What changes in the general case?

The above proof actually captures pretty much all of the important ideas we use for the lower-bound provided in the paper. There are a number of details which differ. The most important are perhaps the following:

In the above proof, the entries of $\mathbf{d}$ were independent. For other sparsity patterns this won’t be the case. While we used independence in our computation of the variance (which was just for intuition), we did not use independence in the actual proof.
In the paper, we use the distribution $\mathbf{G}^\mathsf{T}\mathbf{G}$ . This somewhat complicates the analog of Lemma 1, as well as computations (since things aren’t all Gaussian anymore). However, it gives a lower-bound against the larger class of algorithms which can perform matvecs with the transpose.
In the paper we are more careful about saying things like “let $d = 1/\varepsilon$ ” and “ $\mathbf{d} = \mathbf{0}$ is the best choice”, and handle these cases explicitly / precisely.

References

Curtis, A.R.; Powell, M.J.D.; Reid, J.K. On the Estimation of Sparse Jacobian Matrices. IMA Journal of Applied Mathematics 1974, 13, 117–119, doi:10.1093/imamat/13.1.117.

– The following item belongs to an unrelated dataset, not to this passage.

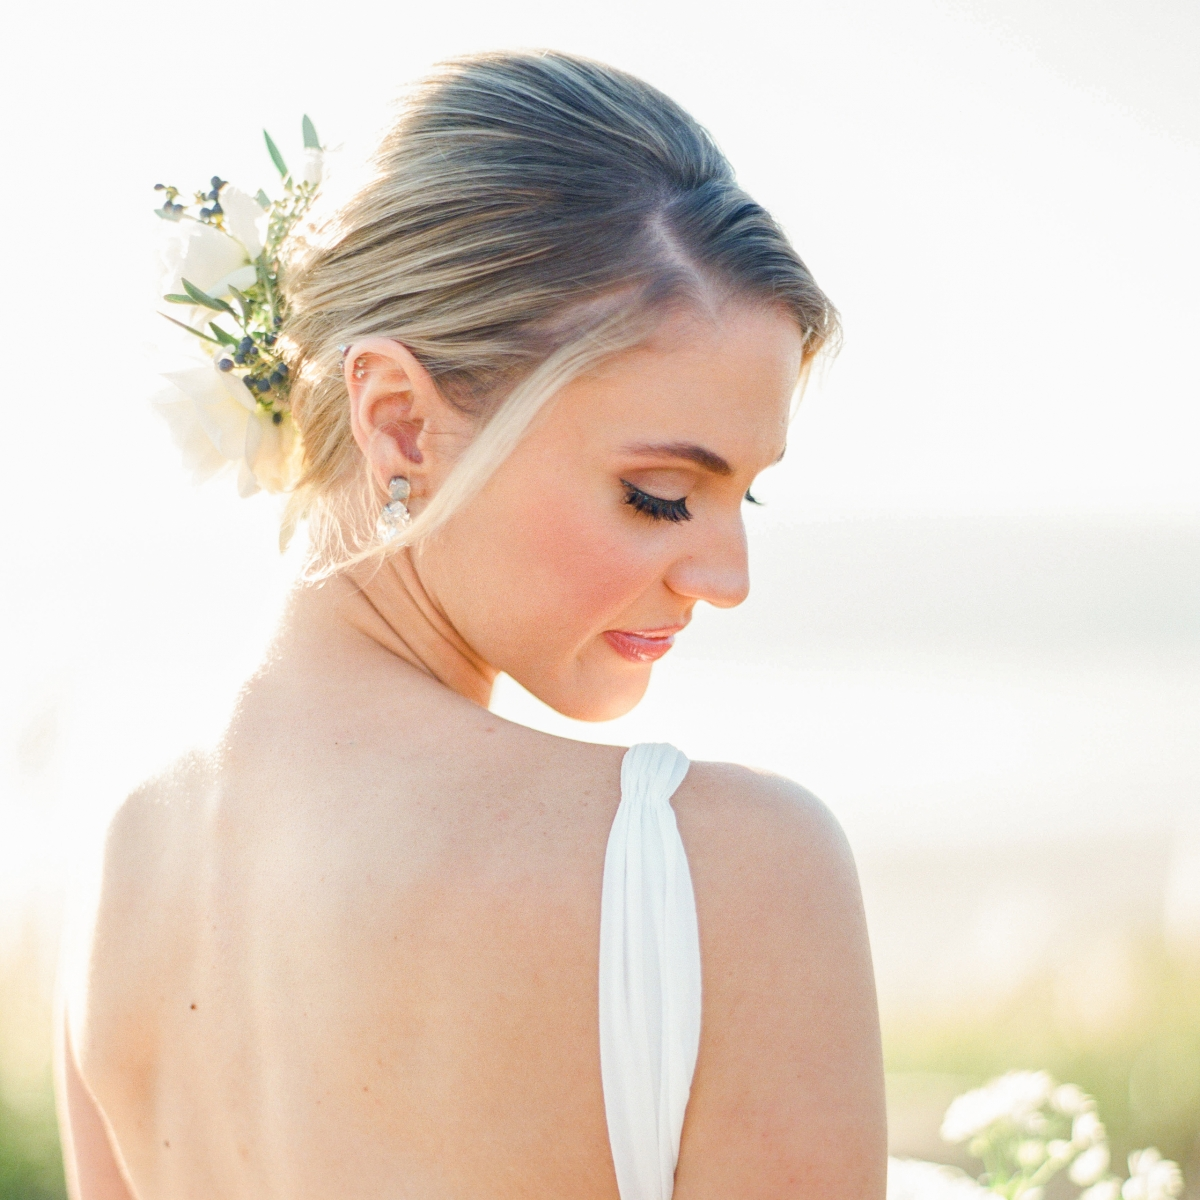 bay area wedding hair and makeup

Bekas, C.; Kokiopoulou, E.; Saad, Y. An Estimator for the Diagonal of a Matrix. Applied Numerical Mathematics 2007, 57, 1214–1229, doi:10.1016/j.apnum.2007.01.003.

Halikias, D.; Townsend, A. Structured Matrix Recovery from Matrix‐vector Products. Numerical Linear Algebra with Applications 2023, 31, doi:10.1002/nla.2531.

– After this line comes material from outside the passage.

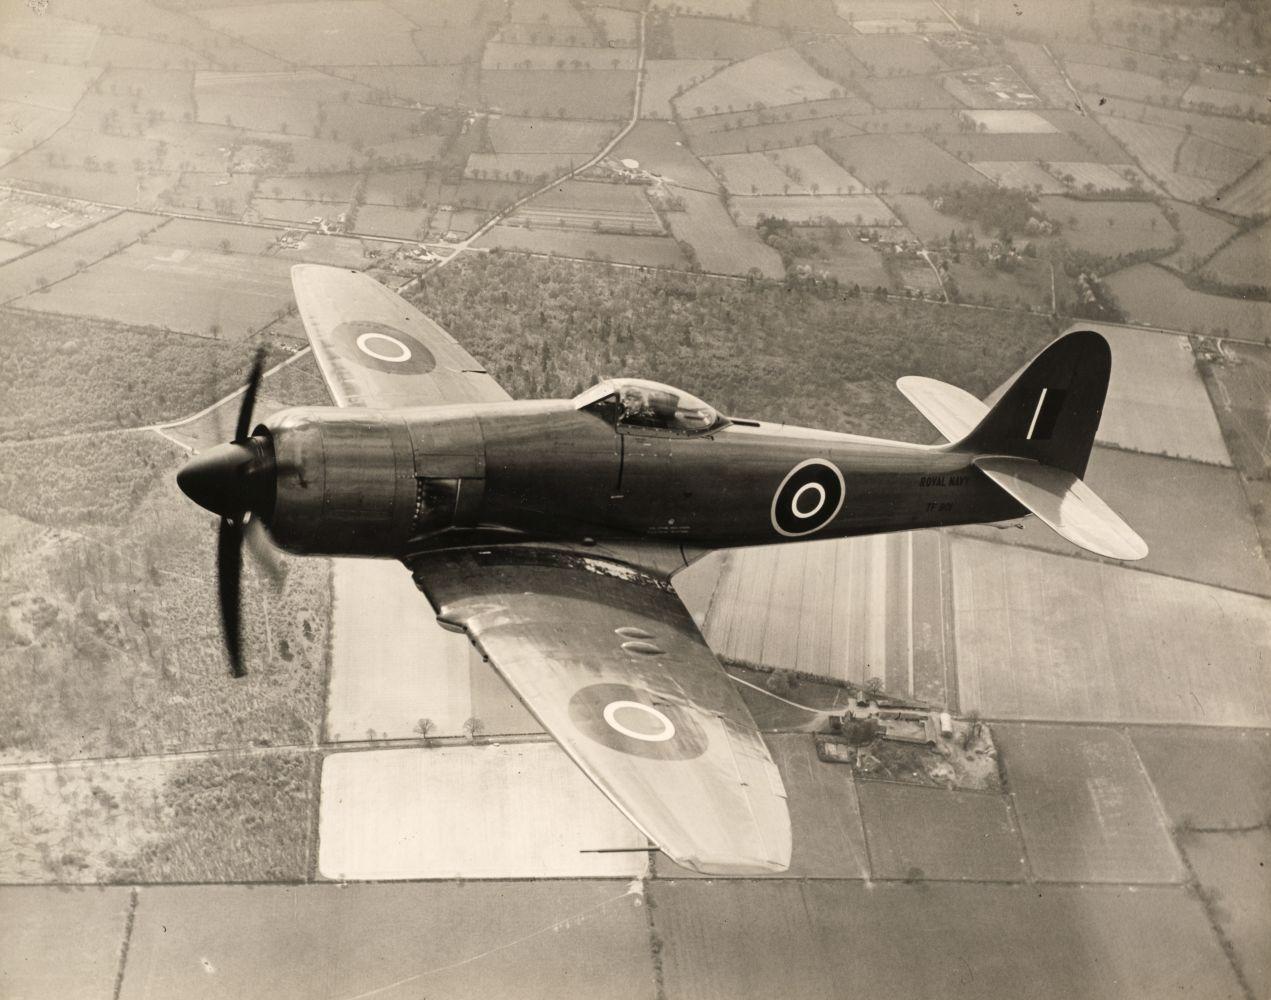 * Aviation Photographs - Bristol Blenheim, Sea Fury and others

Dharangutte, P.; Musco, C. A Tight Analysis of Hutchinsons Diagonal Estimator. In Symposium on simplicity in algorithms (SOSA); Society for Industrial; Applied Mathematics, 2023; pp. 353–364.

Braverman, M.; Hazan, E.; Simchowitz, M.; Woodworth, B. The Gradient Complexity of Linear Regression. In Proceedings of the Proceedings of thirty third conference on learning theory; Abernethy, J., Agarwal, S., Eds.; PMLR, 2020; Vol. 125, pp. 627–647.